Brief:
All that is needed is the lines from the one containing "New Year 2020 4k Ultra HD Wallpaper" through the end of the listing, printed exactly, with no pictures among them.

Records for this task:
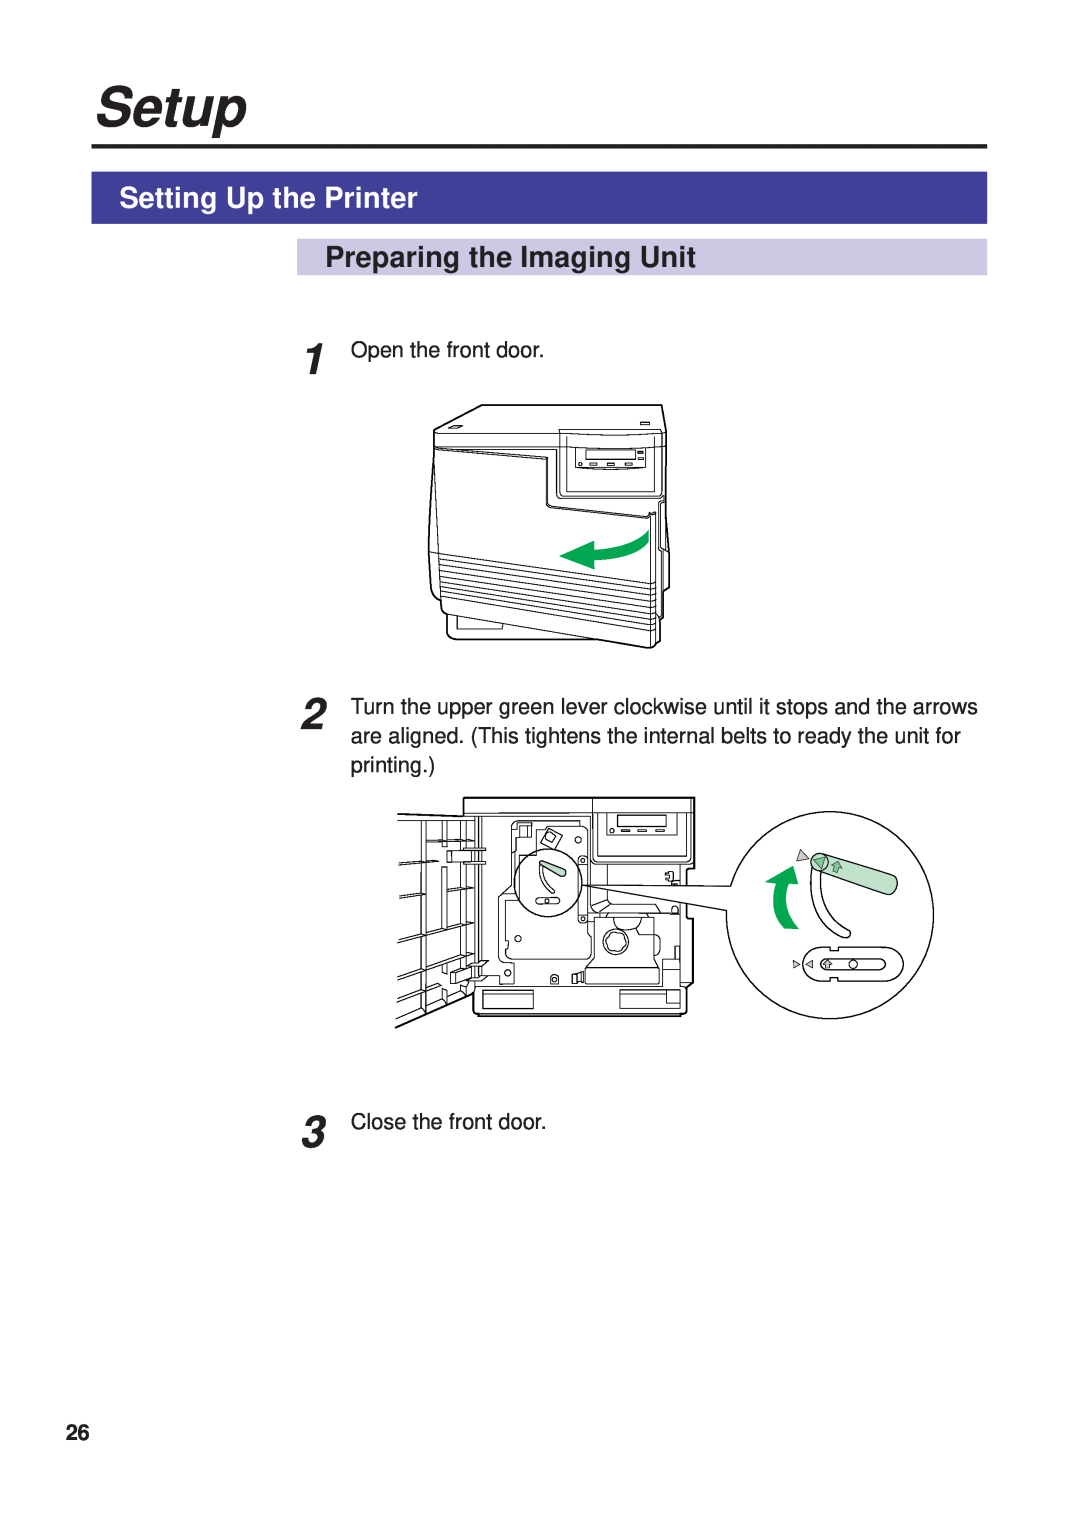 Panasonic KX-PS8000 manual Setup, Setting Up the Printer, Preparing the Imaging Unit, Open the front door 
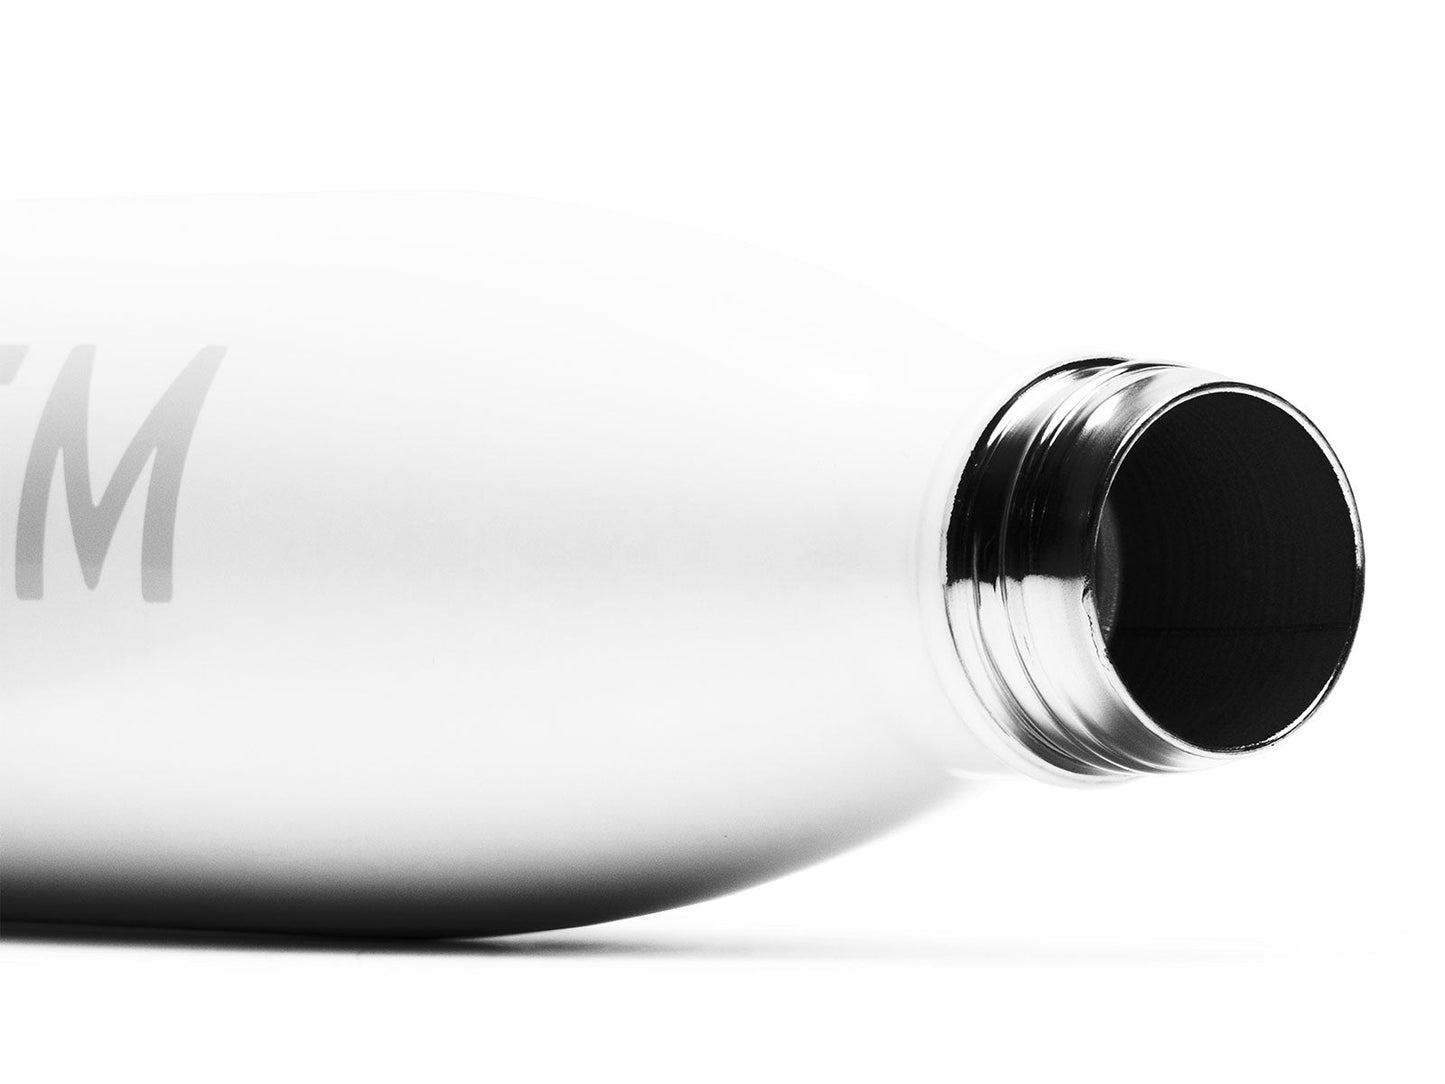 TIEM Insulated Water Bottle - White
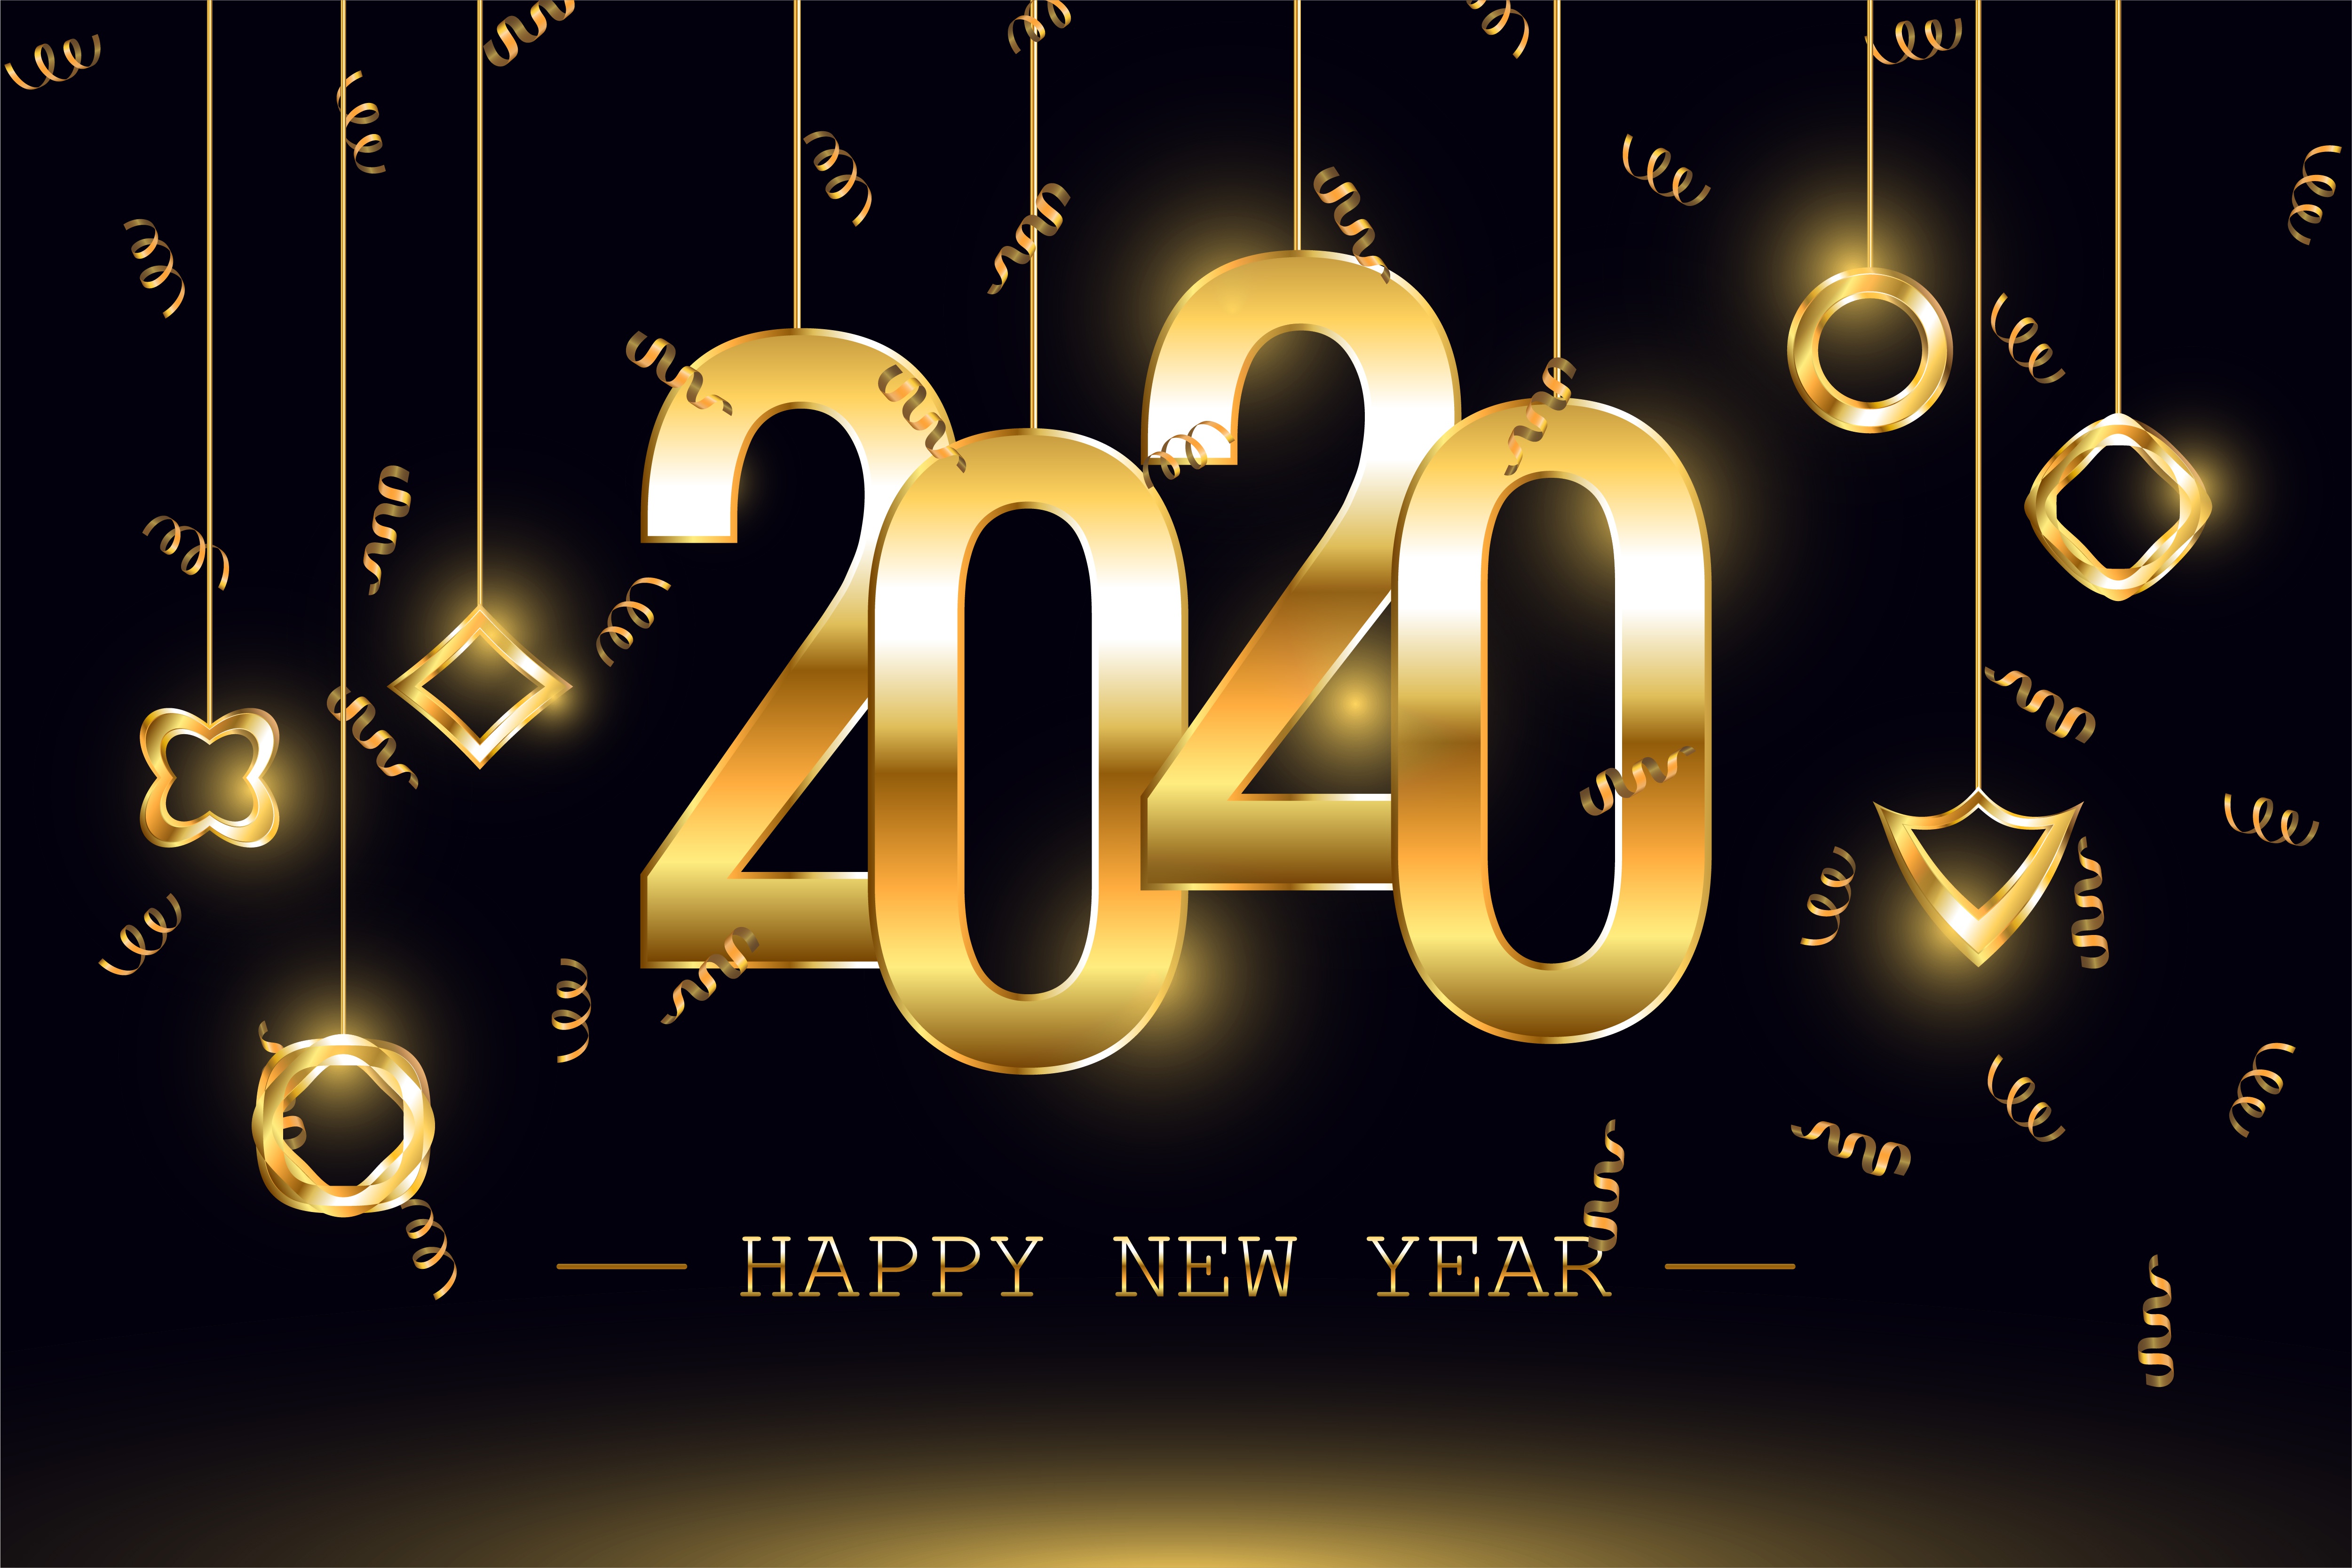 New Year 2020 4k Ultra HD Wallpaper
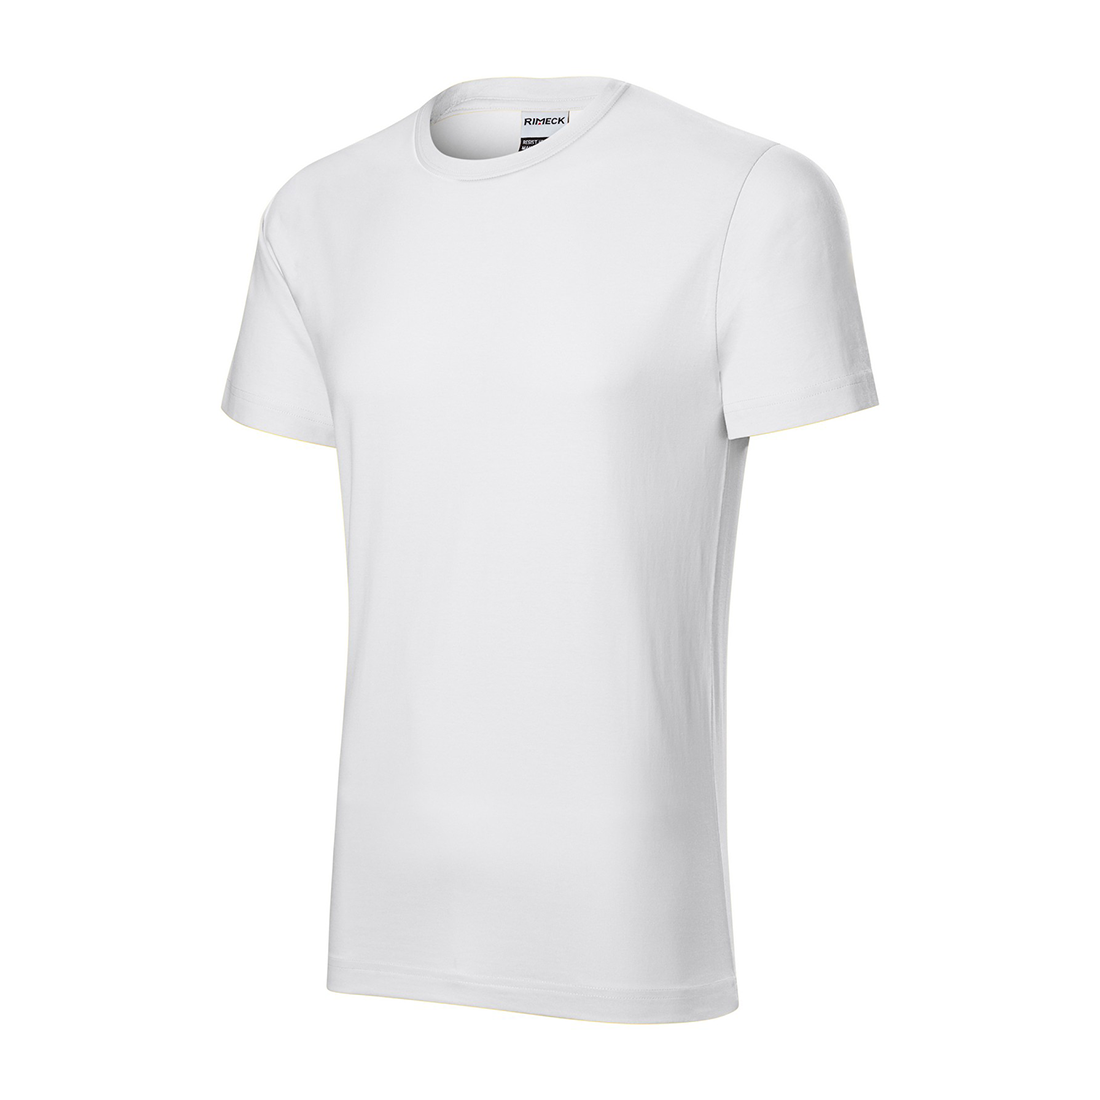 Men's Pre-shrunk Cotton T-shirt - Safetywear
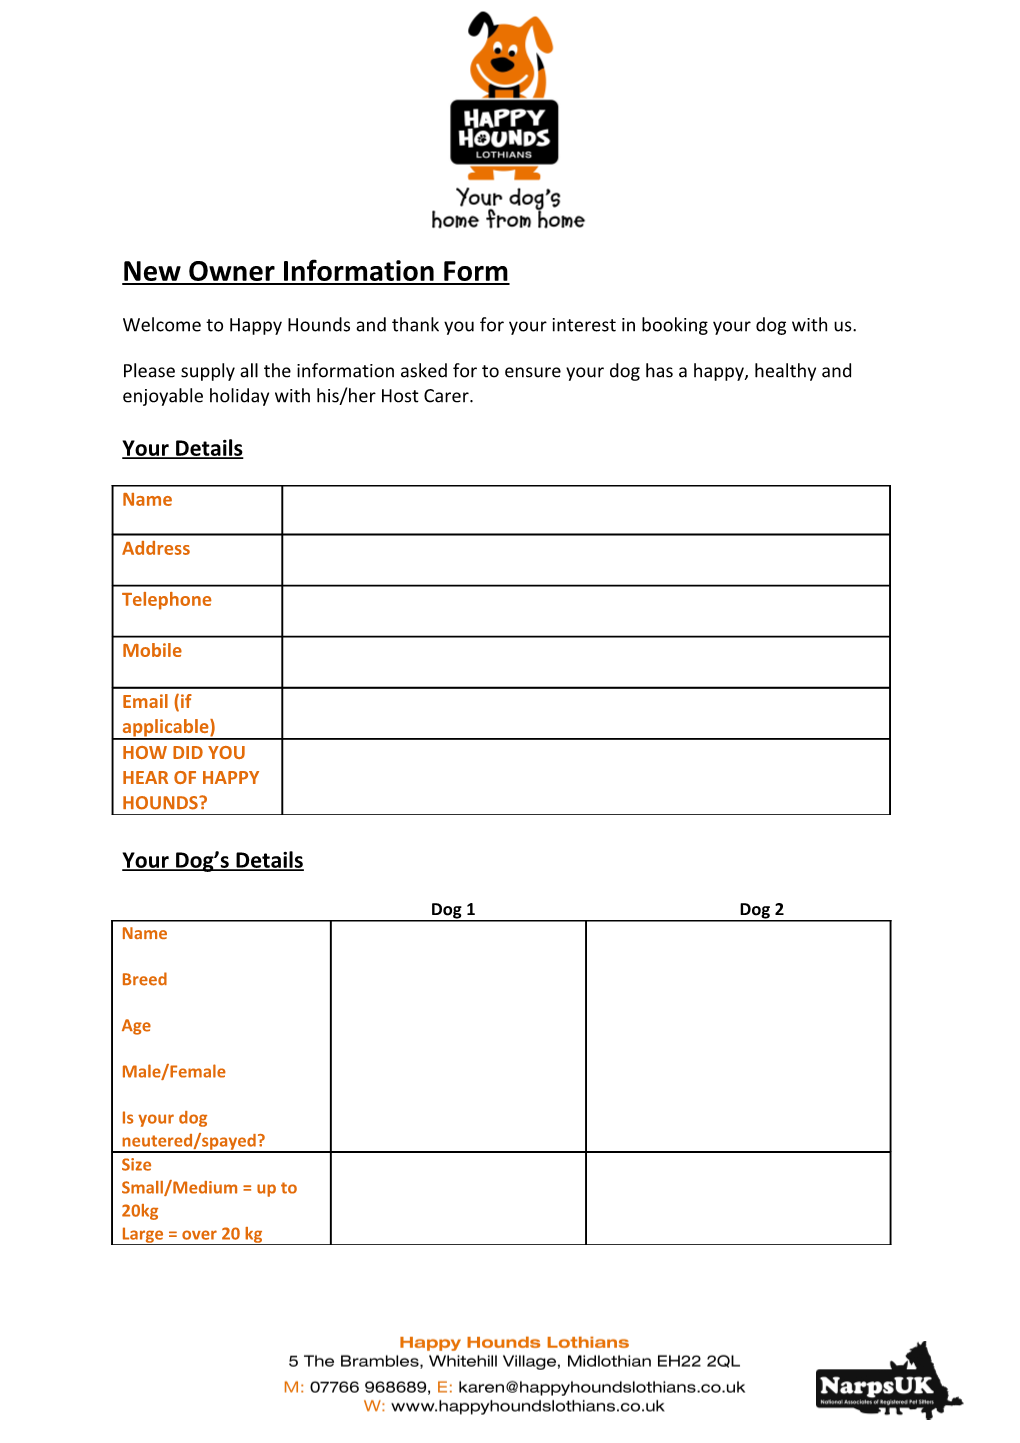 New Owner Information Form

Result below:
 New Year 2020 4k Ultra HD Wallpaper
 Men's Pre-shrunk Cotton T-shirt - Safetywear
 New Owner Information Form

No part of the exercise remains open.